A small, squat woman opens the door. ‘Yes, what it is?’ she asks, holding the handle in her hand and apparently determined to get rid of the visitor as quickly as possible.

‘Excuse me,’ Lassehn says, ‘does Mrs Lassehn still live in this house?’

‘What is her name?’ the concierge asks back.

‘Lassehn,’ says Lassehn.

‘Doesn’t live here,’ says the woman.

Lassehn smiles thoughtfully. ‘If she no longer lives here,’ he says in a patient voice, ‘then she used to live here, at least until September 1943.’

‘No, no, young man,’ the woman says resolutely, ‘there you’re absolutely wrong, I’ve been the concierge here for twenty years, I know my trade. What was the name? Spell it for me again.’

‘Lassehn,’ Lassehn replies. ‘Ell ay ess ess ee aitch en.’

‘Never heard of her,’ the woman says stoutly, ‘certainly never lived here.’

‘But my dear Mrs…’ Lassehn looks at the sign on the door, caught by a beam of light from the window – ‘my dear Mrs Buschkamp, Mrs Lassehn definitely did live here, or may live here still. I myself…’ he pauses, something holds his tongue, warning him not to give up his anonymity.

‘You yourself done what?’ the woman asks quickly.

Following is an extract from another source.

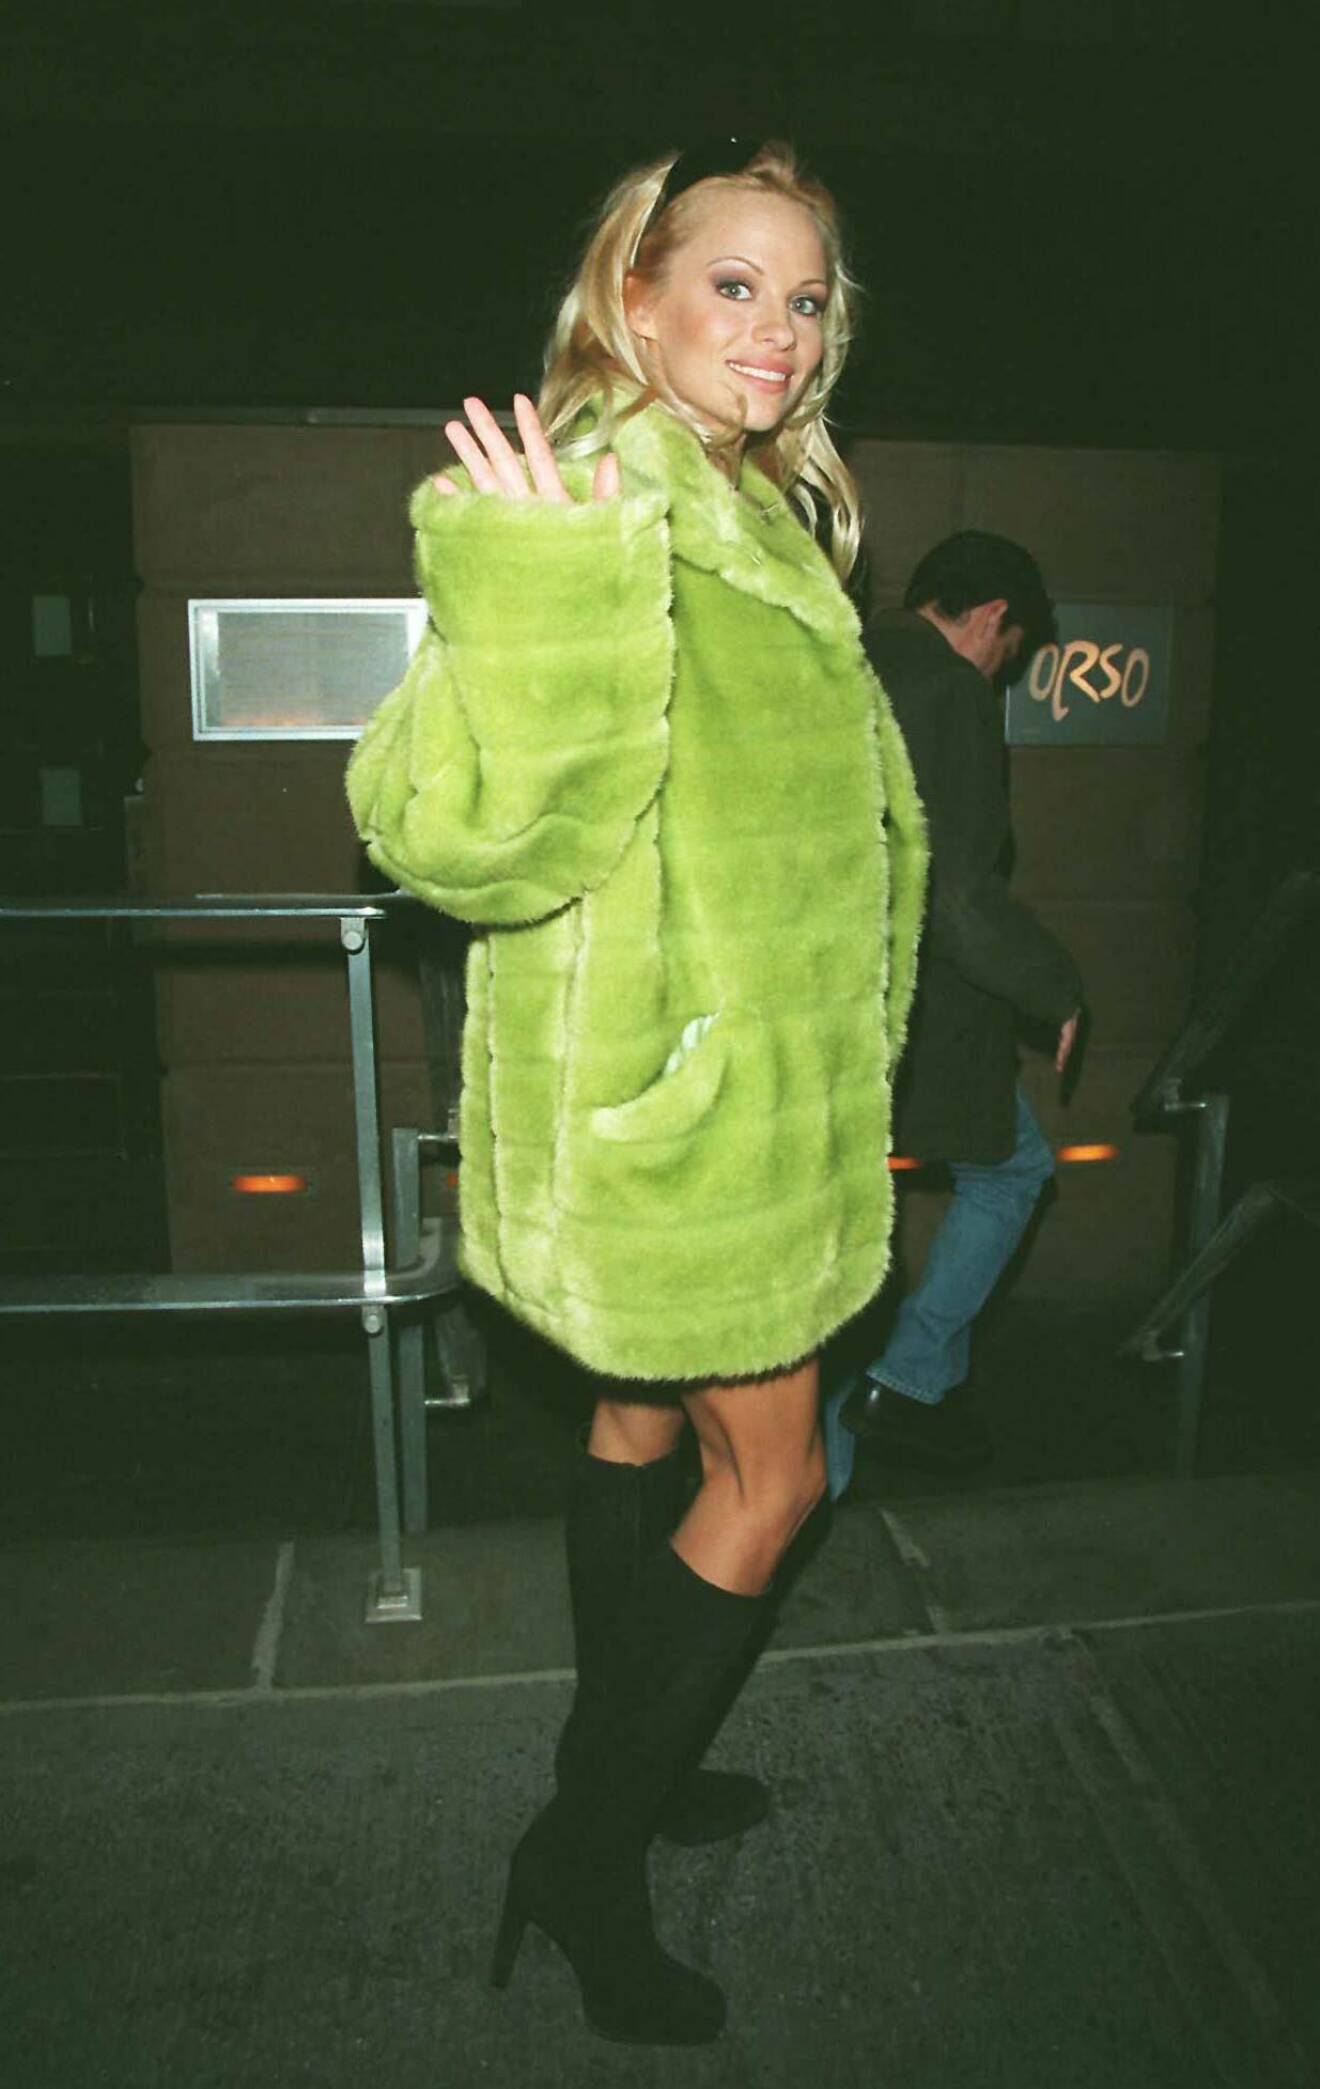 Pamela Anderson på väg till middag på restaurangen Orso i New York, 1997.

‘I once visited her here myself,’ Lassehn finishes his sentence. ‘But I don’t remember…’

Mrs Buschkamp looks at him pointedly. ‘How old is this Mrs Lassehn of yours?’

‘Twenty-three,’ Lassehn replies.

‘Ain’t no twenty-three-year-old woman here,’ Mrs Buschkamp says firmly. ‘Whose flat’s she supposed to have lived in anyway?’

‘At the front of the building,’ Lassehn says, ‘with her aunt, a woman… something to do with Meyer.’

Mrs Buschkamp lets go of the handle and opens the door a little more.

‘Step in, young man,’ she says amiably. ‘This one’s interesting. Here’s a chair.’ She goes on. ‘You don’t look as if you’re all that keen on standing up.’

Lassehn thanks her and slumps heavily on the chair.

‘Now let’s think about the case of Mrs Lassehn with the aunt called Meyer,’ Mrs Buschkamp says convivially, ‘I’m interested in this one, because I know everyone. Hardly anyone I don’t know goes in or out of here. But Lassehn? No such person, young man, never heard of her, not in my house.’

‘But I know for certain…’ Lassehn objects. ‘Her first name is Irmgard.’

‘Irmgard?’ Mrs Buschkamp says thoughtfully. ‘Good heavens,’ she shrieks after a moment, and laughs loudly. ‘You mean Irma Niedermeyer, of course, I do know her, she’s out right now. You must have bumped into her a minute ago. She just left!’